GUI / covid-vaccine-spotter

https://www.vaccinespotter.org
MIT License
508 stars 136 forks source link

Walmart store carries_vaccine == false has appointments #157

Closed jxchong closed 3 years ago

jxchong commented 3 years ago

FYI @GUI Walmart 2196 is listed as carries_vaccine == false but they have a bunch of open appointments this week. Not sure if the store refresh is failing again (#118 ) or if Walmart simply isn't reliably updating that flag?

GUI commented 3 years ago

@jxchong: Thanks so much for reporting this. This turned out to be a bit more subtle of a bug that affected a handful of locations, but it should be fixed now. I've also added some additional timestamp logging that should hopefully make this type of issue more obvious. I've verified that all locations in the US are now being updated (and found a few locations that were previously in the database, but have since completely shut down the stores). Sorry for the trouble, but thanks as always for bringing things like this up!

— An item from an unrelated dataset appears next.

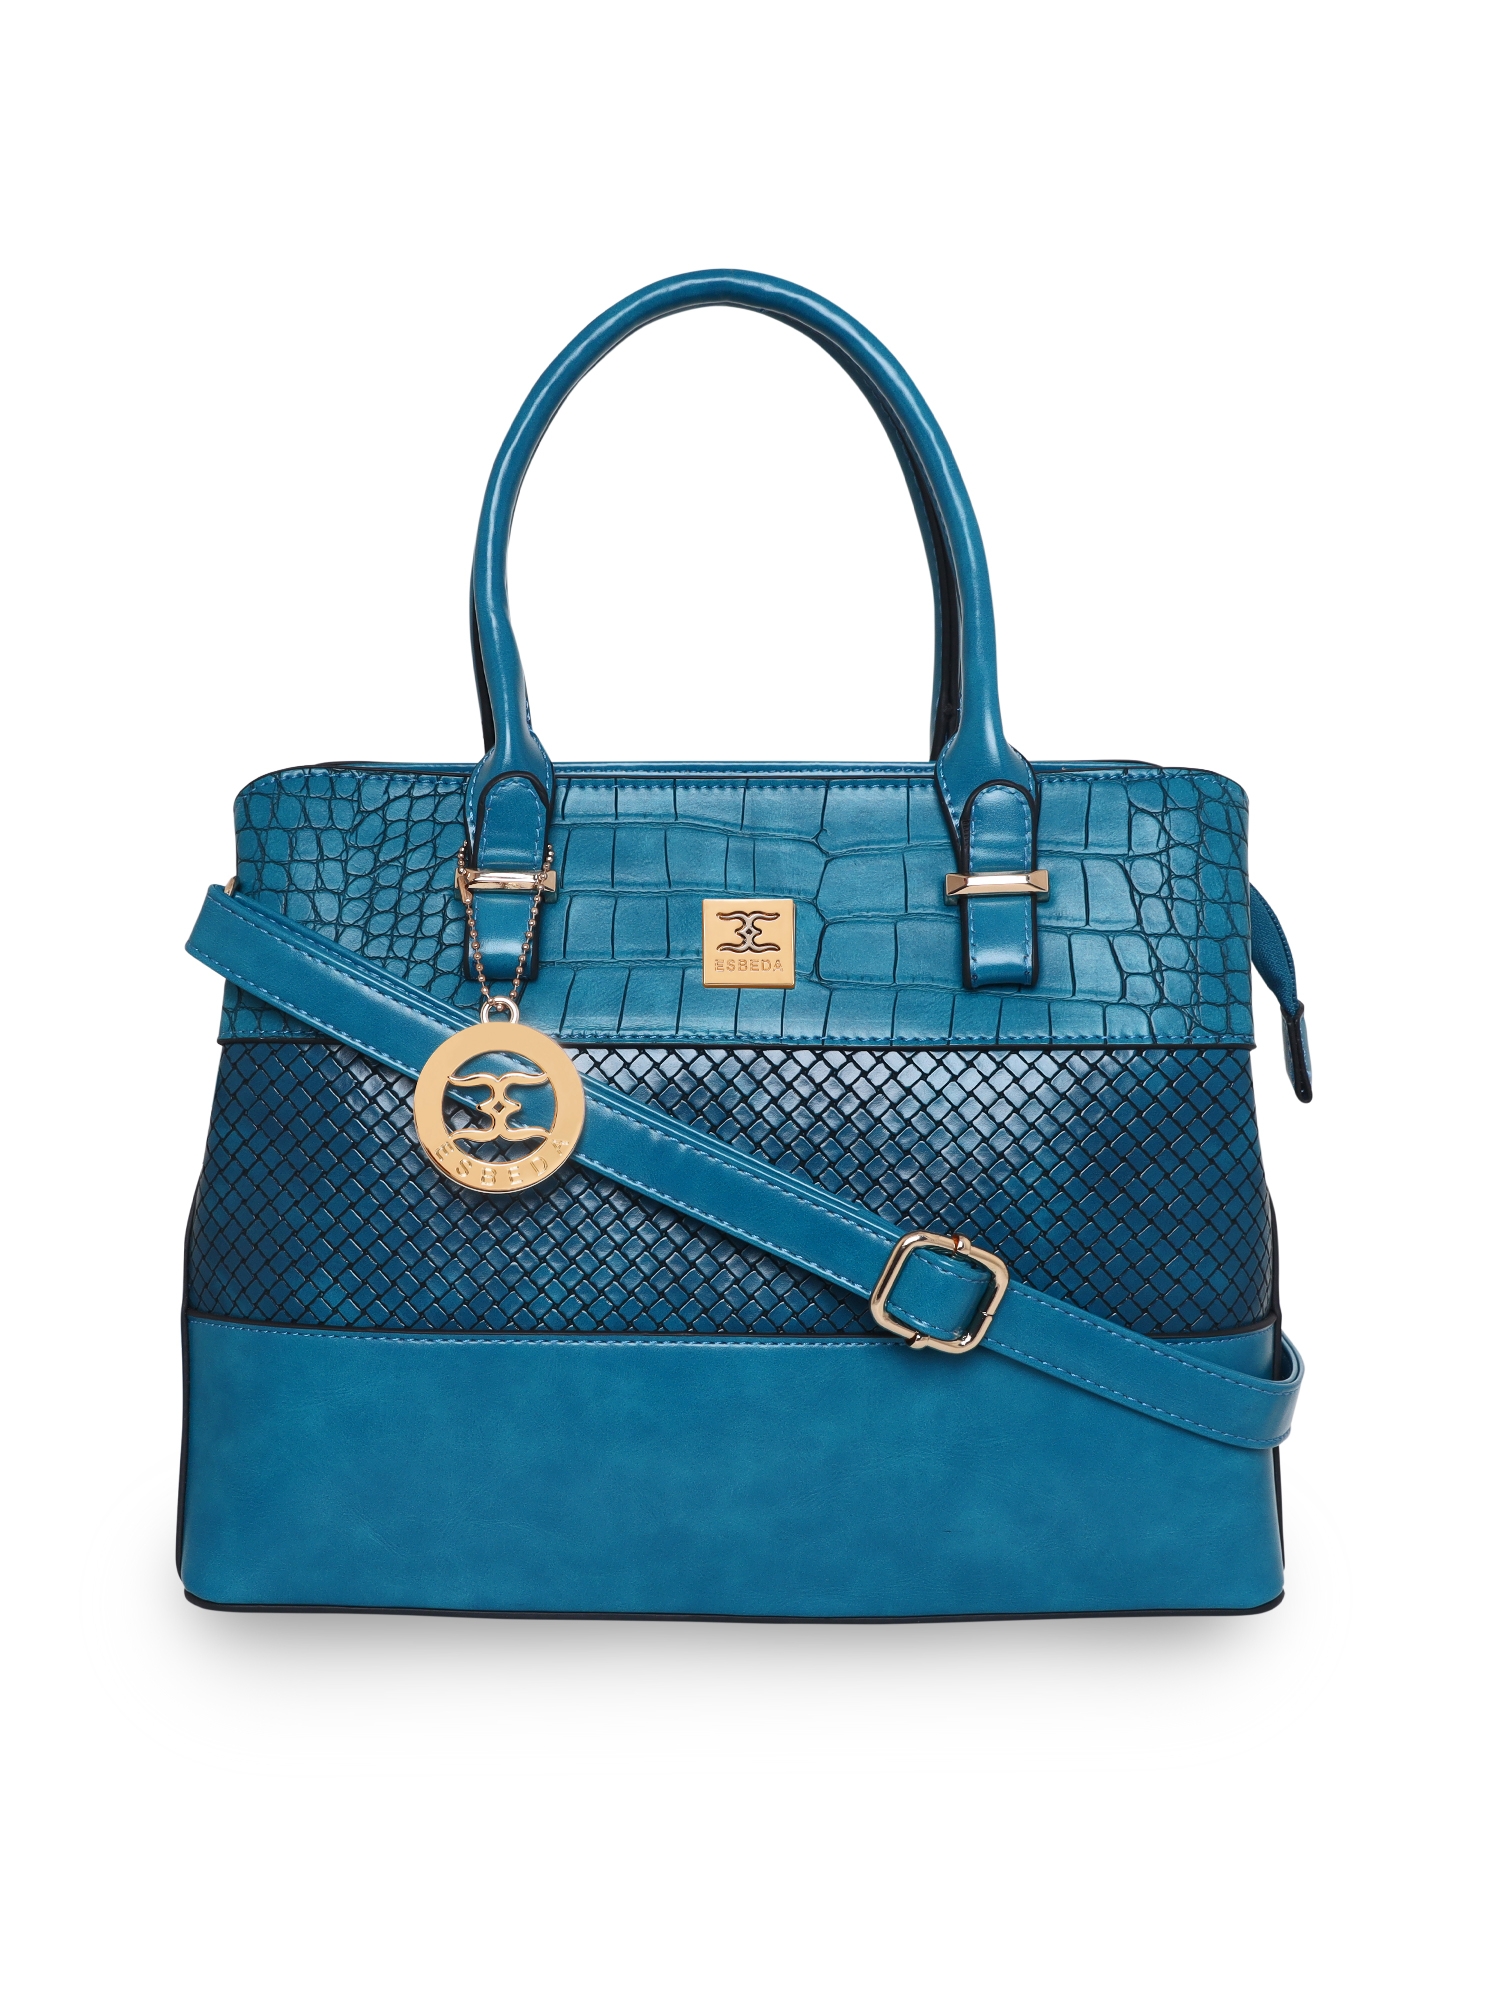 ESBEDA | ESBEDA Sea Green Color Solid Pattern Top Handle handbag For Women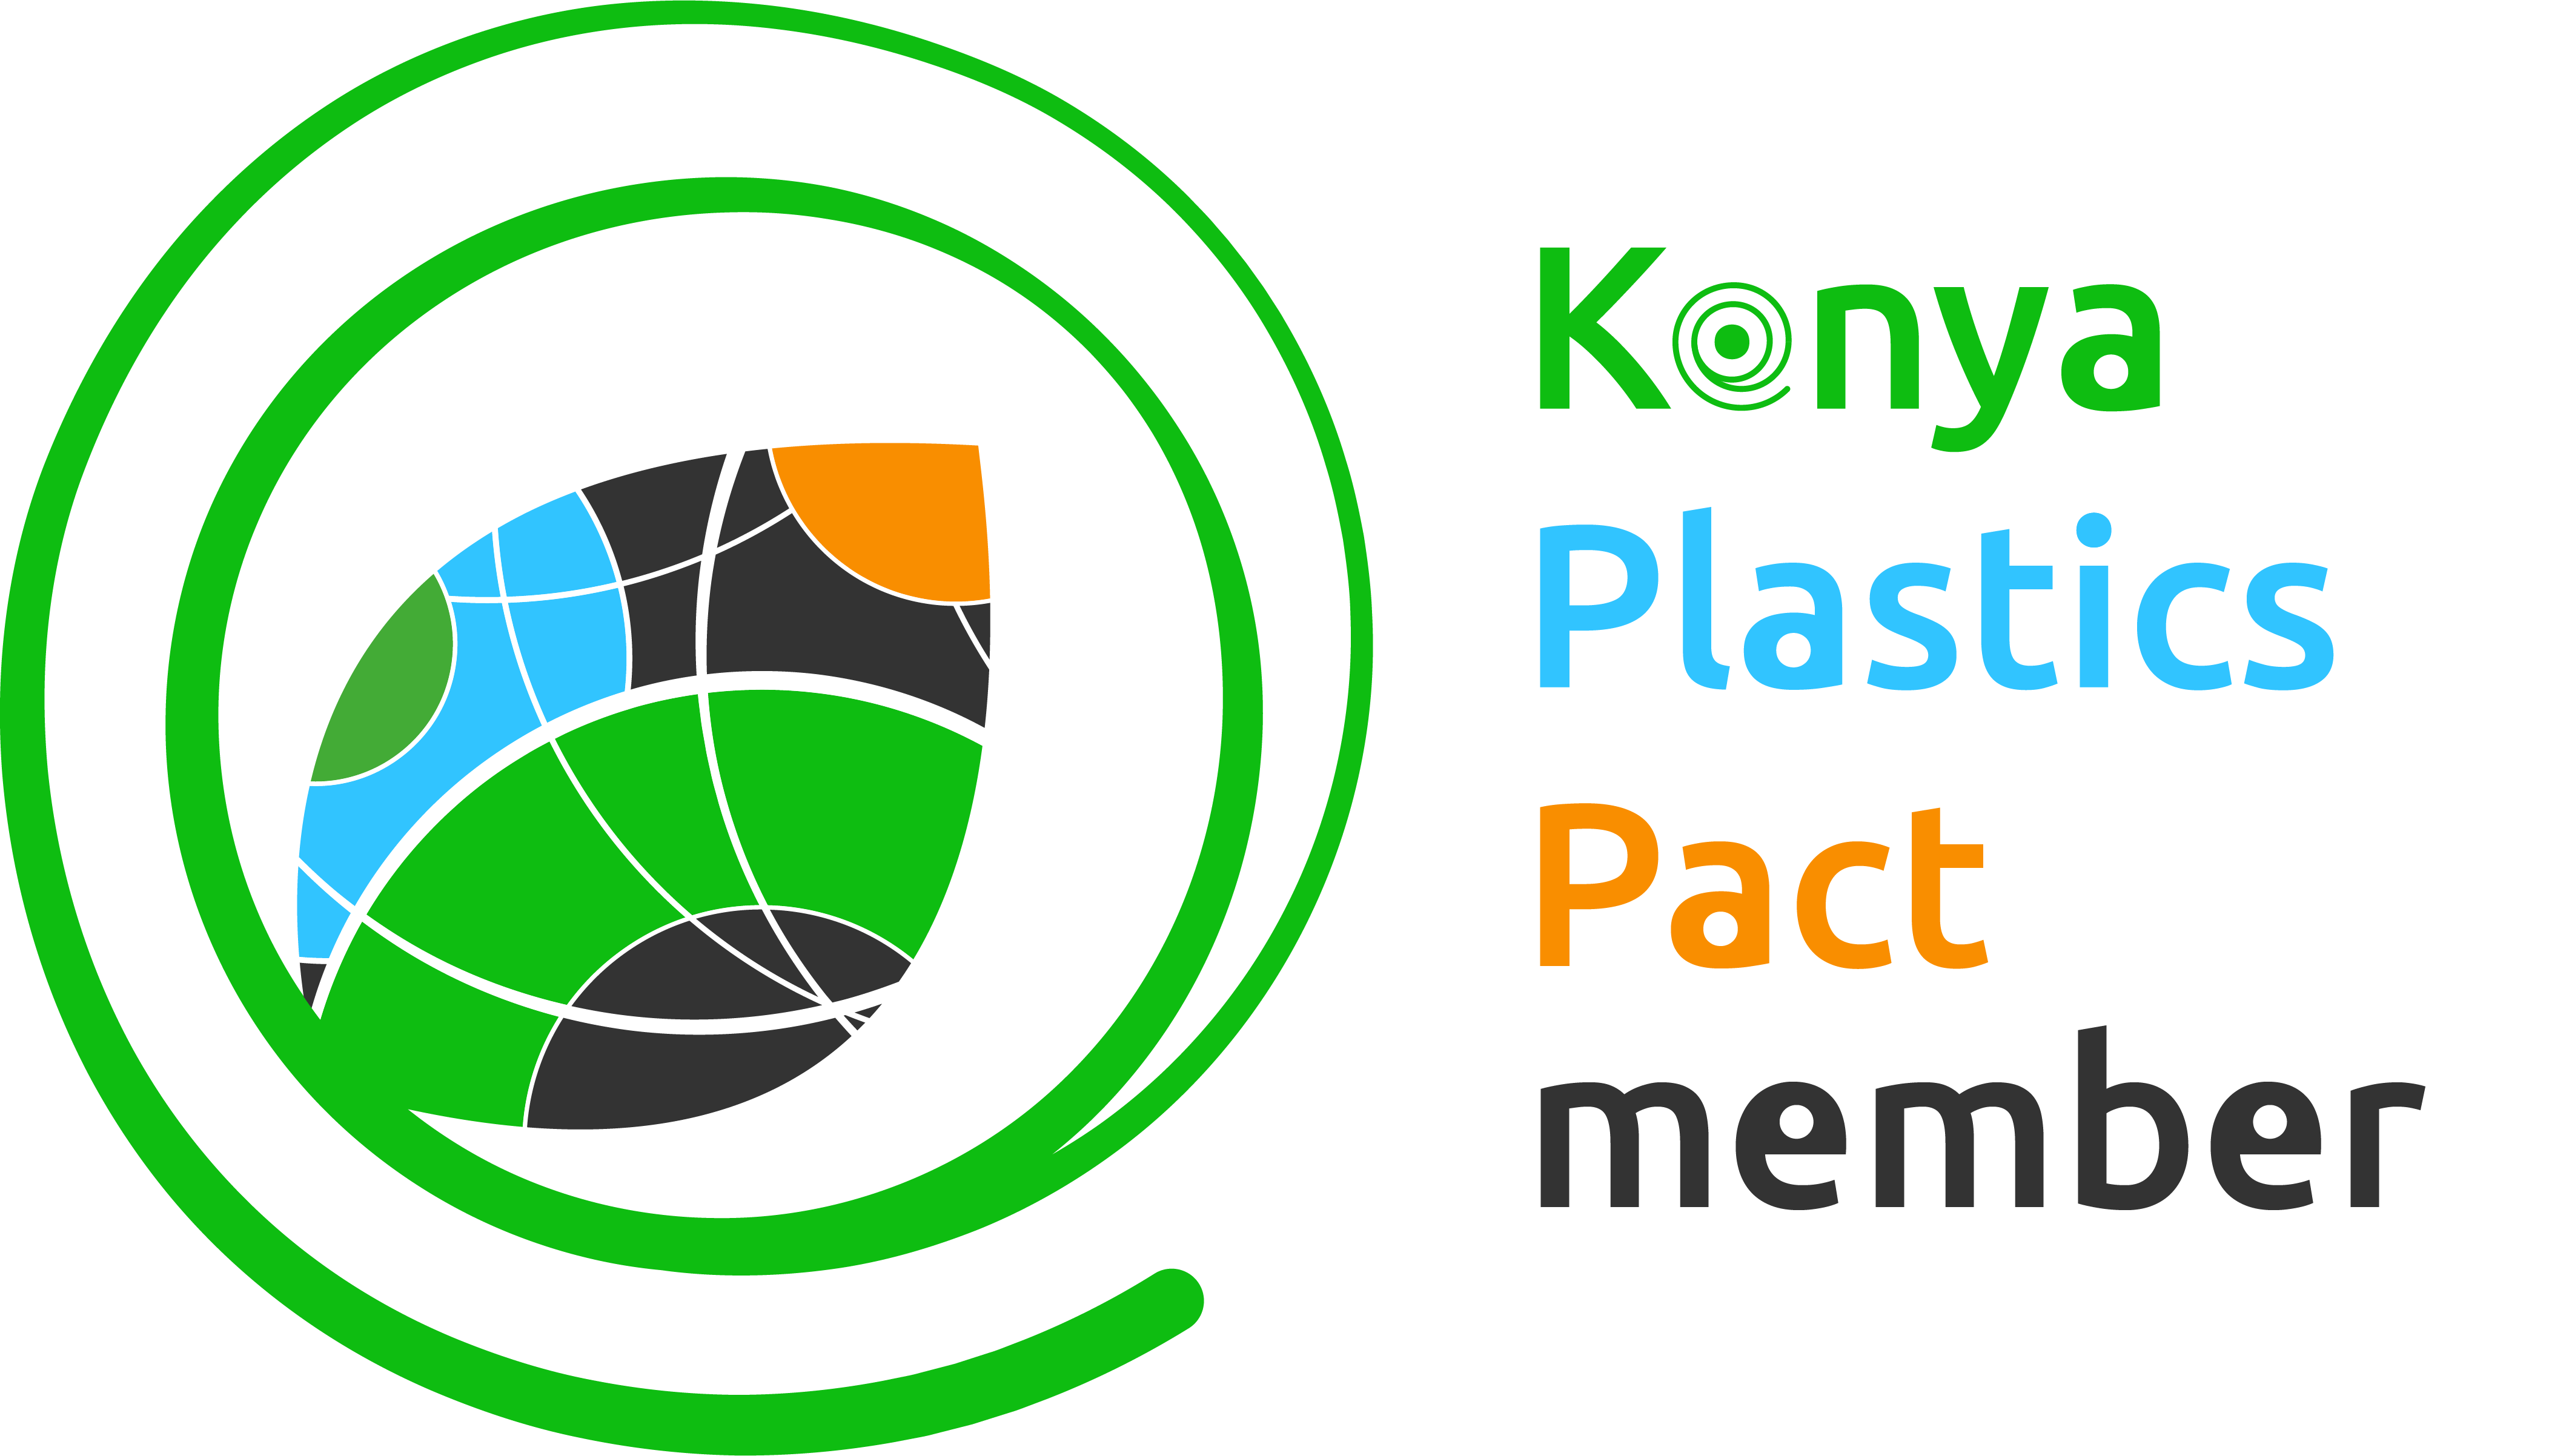 Kenya Plastics Act Logo

There were 2 issues going on that were preventing 40 locations (out of 4600) from having their store metadata refreshed on a regular basis:

  1. We search for stores based on a ~50 mile grid cell radius to match the 50 mile radius for the Walmart search API. However, since Walmart's search only accepts an address or zip code, and we're using the grid cell's centroid zip code, the zip code location may not exactly be in the center of the grid cell, so a 50 mile search radius may not actually cover the full grid cell.

    This was affecting ~20 isolated stores in a few random locations throughout the US.

    This is fixed by increasing the search radius to 100 miles, but still basing the searches on a 50 mile grid cell so that there's plenty of overlap to cover off-centered zip codes.

  2. Walmart's search API returns a maximum of 50 stores. If there are more than 50 stores in the specified search radius, then we weren't finding the other stores.

    This was affecting ~20 stores in the Dallas metro region.

    This is fixed by re-processing grid cells using a smaller grid if we encounter 50 results.

In order to improve the ability to monitor and detect these situations, I've also added a new timestamp field to keep track of when this store-level metadata is refreshed on locations, so it's easier to see whenever this is not happening for specific stores.